On Wed, Aug 17, 2022 at 05:21:39PM +0000, Shakeel Butt shakeelb@google.com wrote:
$ grep "sock " /mnt/memory/job/memory.stat sock 253952 total_sock 18446744073708724224
Re-run after couple of seconds
$ grep "sock " /mnt/memory/job/memory.stat sock 253952 total_sock 53248
For now we are only seeing this issue on large machines (256 CPUs) and only with 'sock' stat. I think the networking stack increase the stat on one cpu and decrease it on another cpu much more often. So, this negative sock is due to rstat flusher flushing the stats on the CPU that has seen the decrement of sock but missed the CPU that has increments.
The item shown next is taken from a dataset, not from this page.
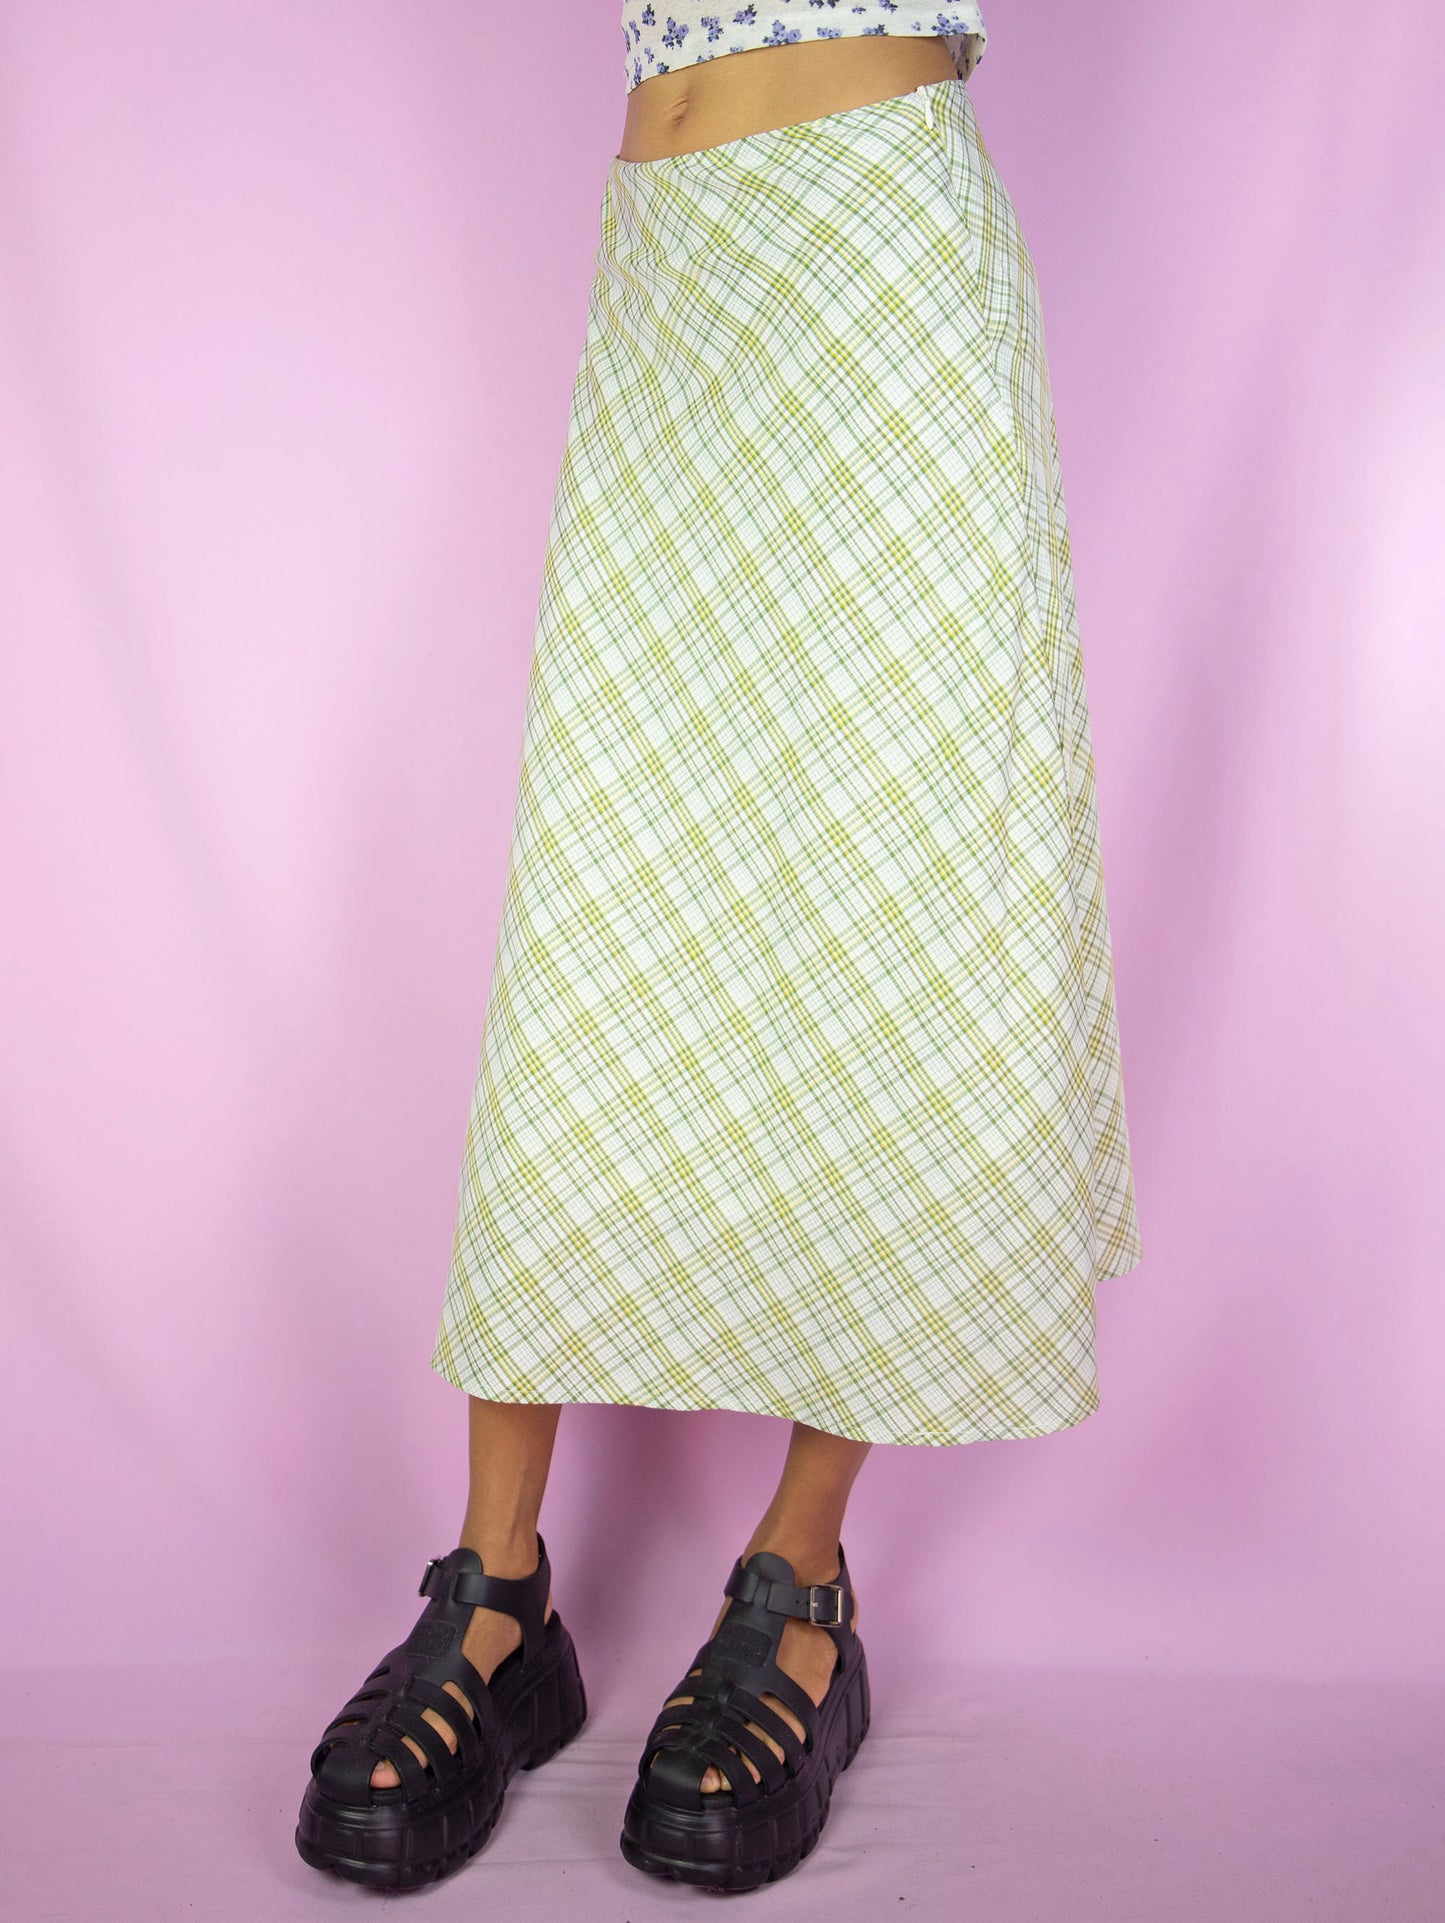 The Y2K Green Plaid Midi Skirt is a vintage flared beige yellow green plaid skirt with side zipper closure. Cottage prairie inspired 2000s boho preppy check maxi skirt.

A typical race condition.
This theory adds up :-) (Provided the numbers.)
For easy stable backport, revert is the most simple solution.
Sounds reasonable.
For long term solution, I am thinking of two directions. First is just reduce the race window by optimizing the rstat flusher. Second is if the reader sees a negative stat value, force flush and restart the stat collection. Basically retry but limited.
Or just stick with the revert since it already reduces the observed error by rounding to zero in simple way.
(Or if the imprecision was worth extra storage, use two-stage flushing to accumulate (cpus x cgroups) and assign in two steps.)